BEGIN Supplied material

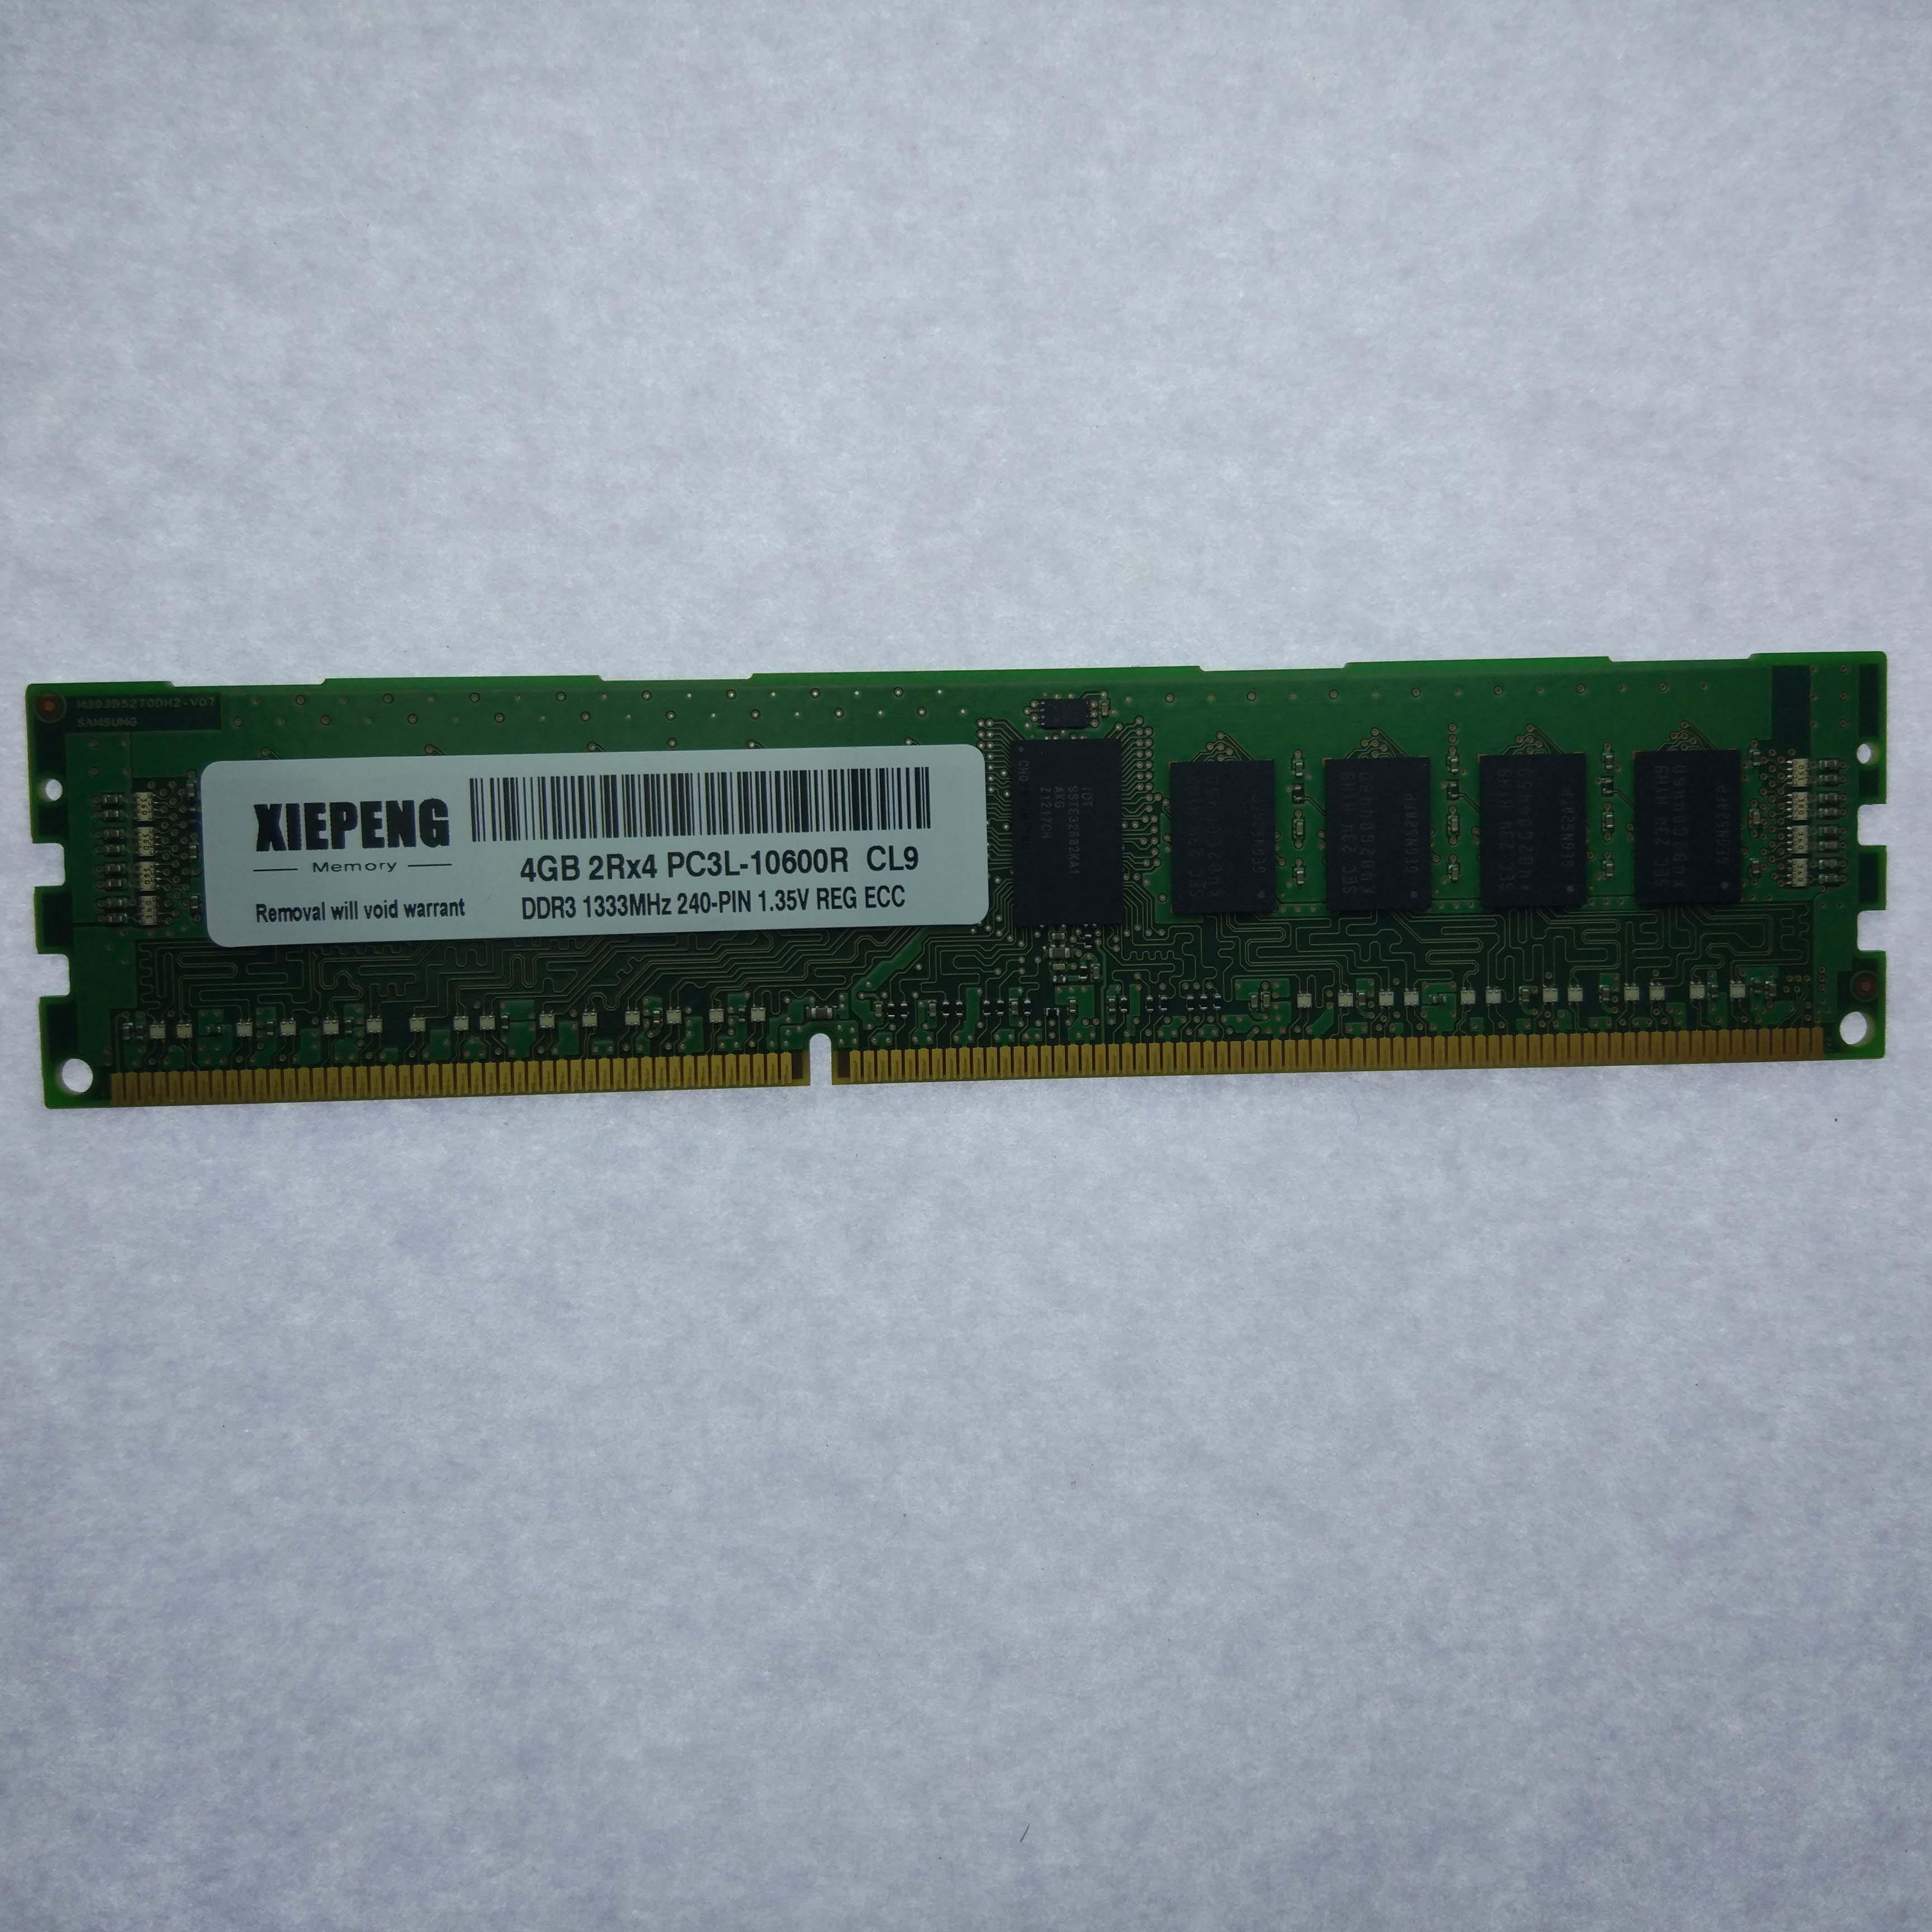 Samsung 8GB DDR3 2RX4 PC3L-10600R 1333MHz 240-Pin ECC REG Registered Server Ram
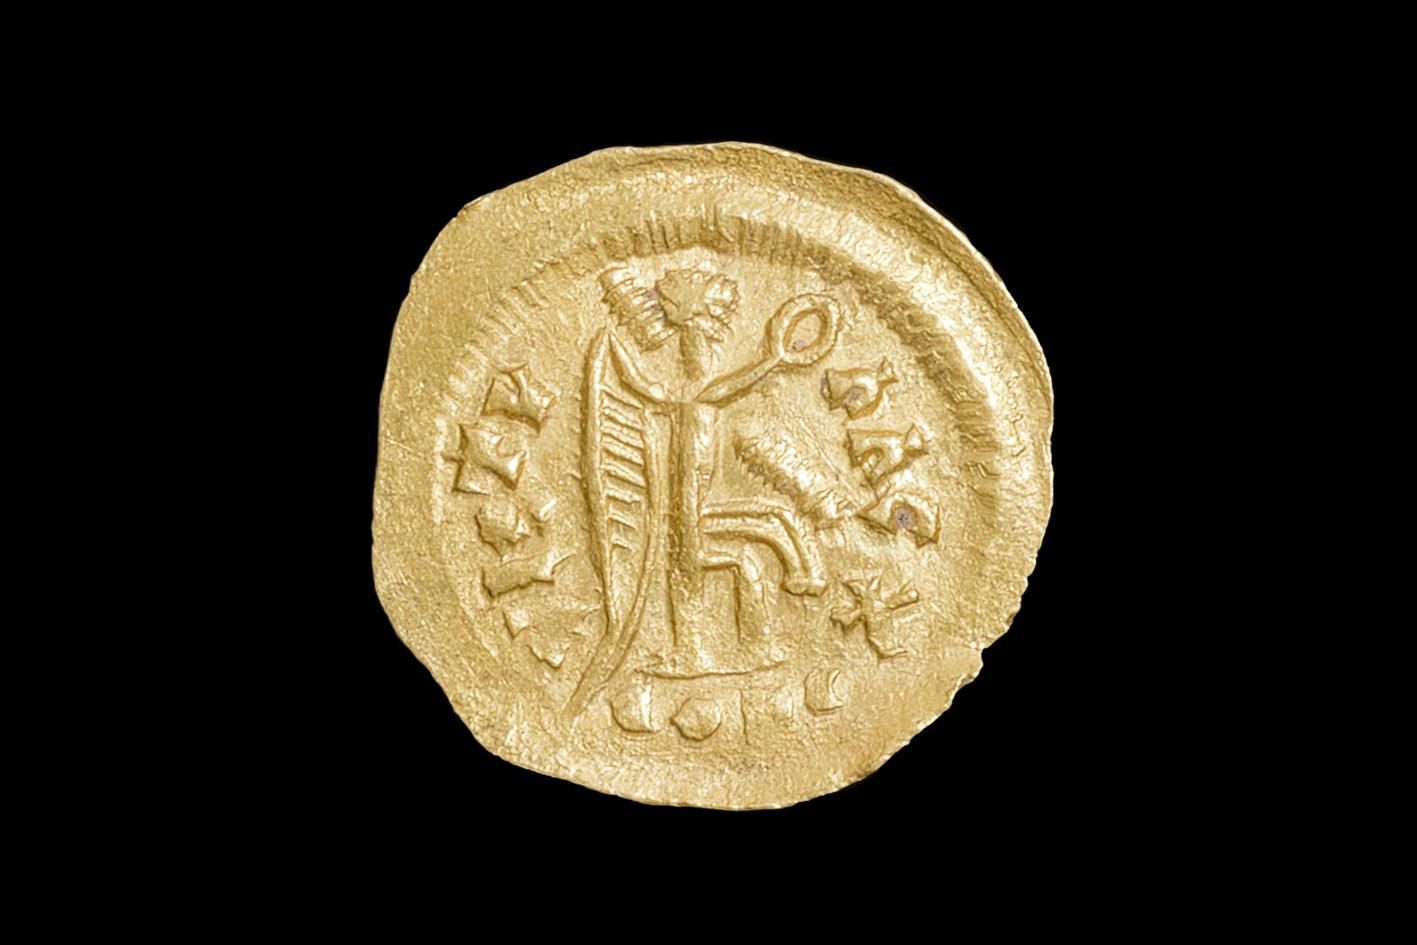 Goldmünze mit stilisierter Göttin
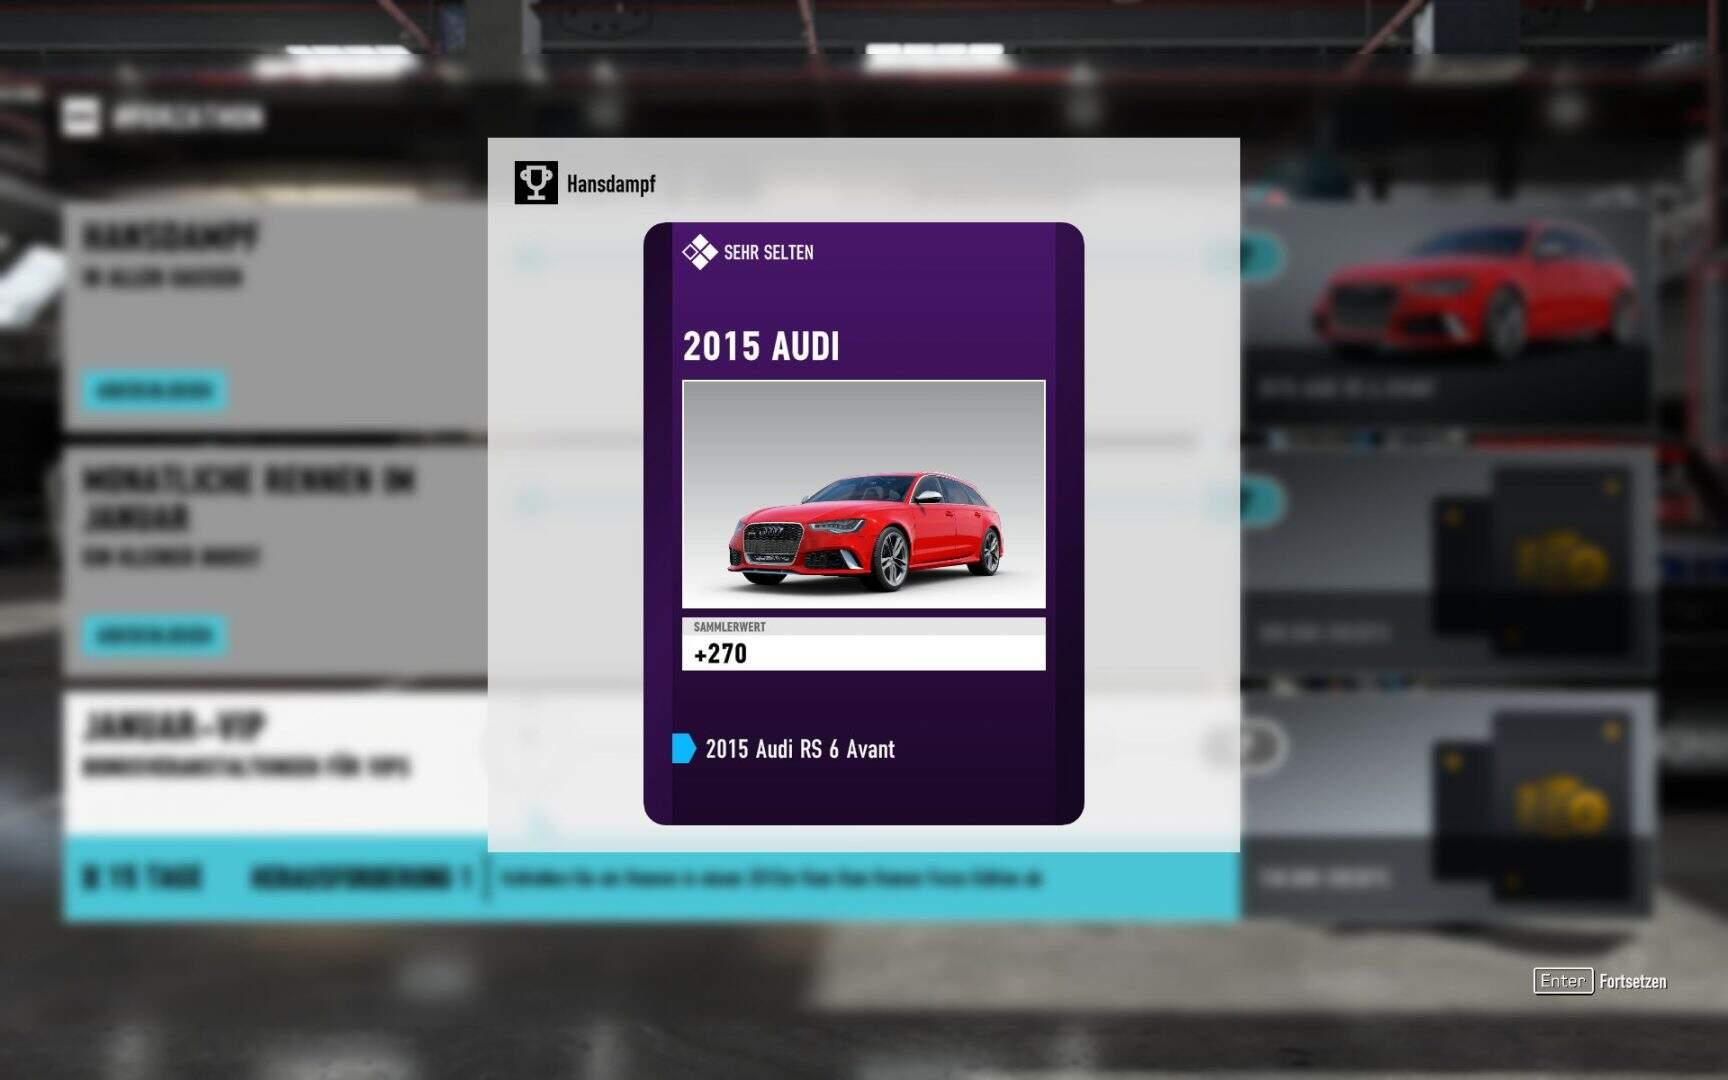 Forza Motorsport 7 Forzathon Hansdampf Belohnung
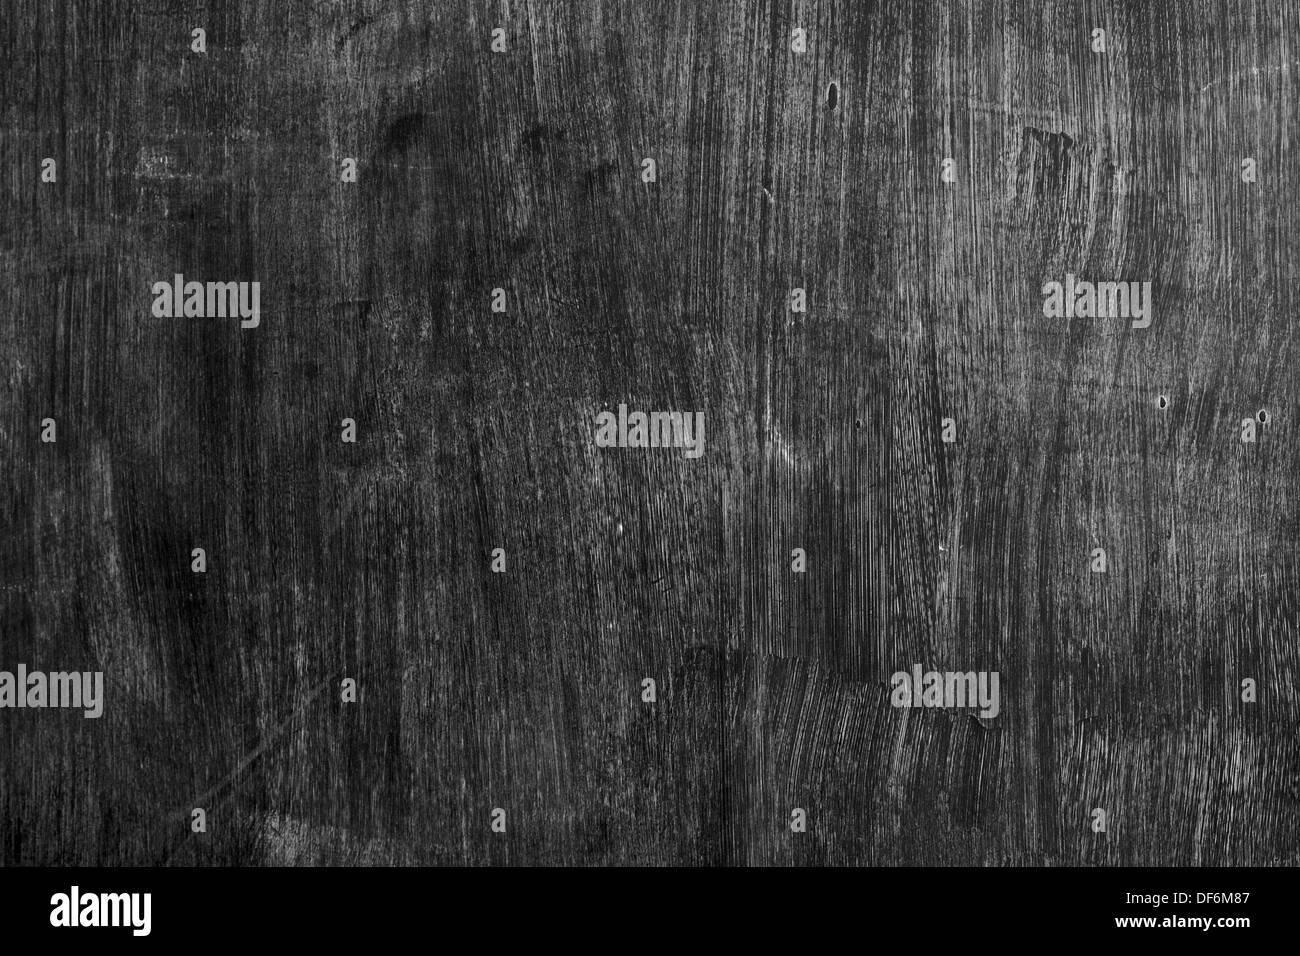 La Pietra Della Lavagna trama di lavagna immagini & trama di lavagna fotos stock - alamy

END Supplied material

▶ **To do**
Give back the whole listing exactly as it stands. Drop every picture.

▶ **Answer area**
 Samsung 8GB DDR3 2RX4 PC3L-10600R 1333MHz 240-Pin ECC REG Registered Server Ram
 Goldmünze mit stilisierter Göttin
 Forza Motorsport 7 Forzathon Hansdampf Belohnung
 La Pietra Della Lavagna trama di lavagna immagini & trama di lavagna fotos stock - alamy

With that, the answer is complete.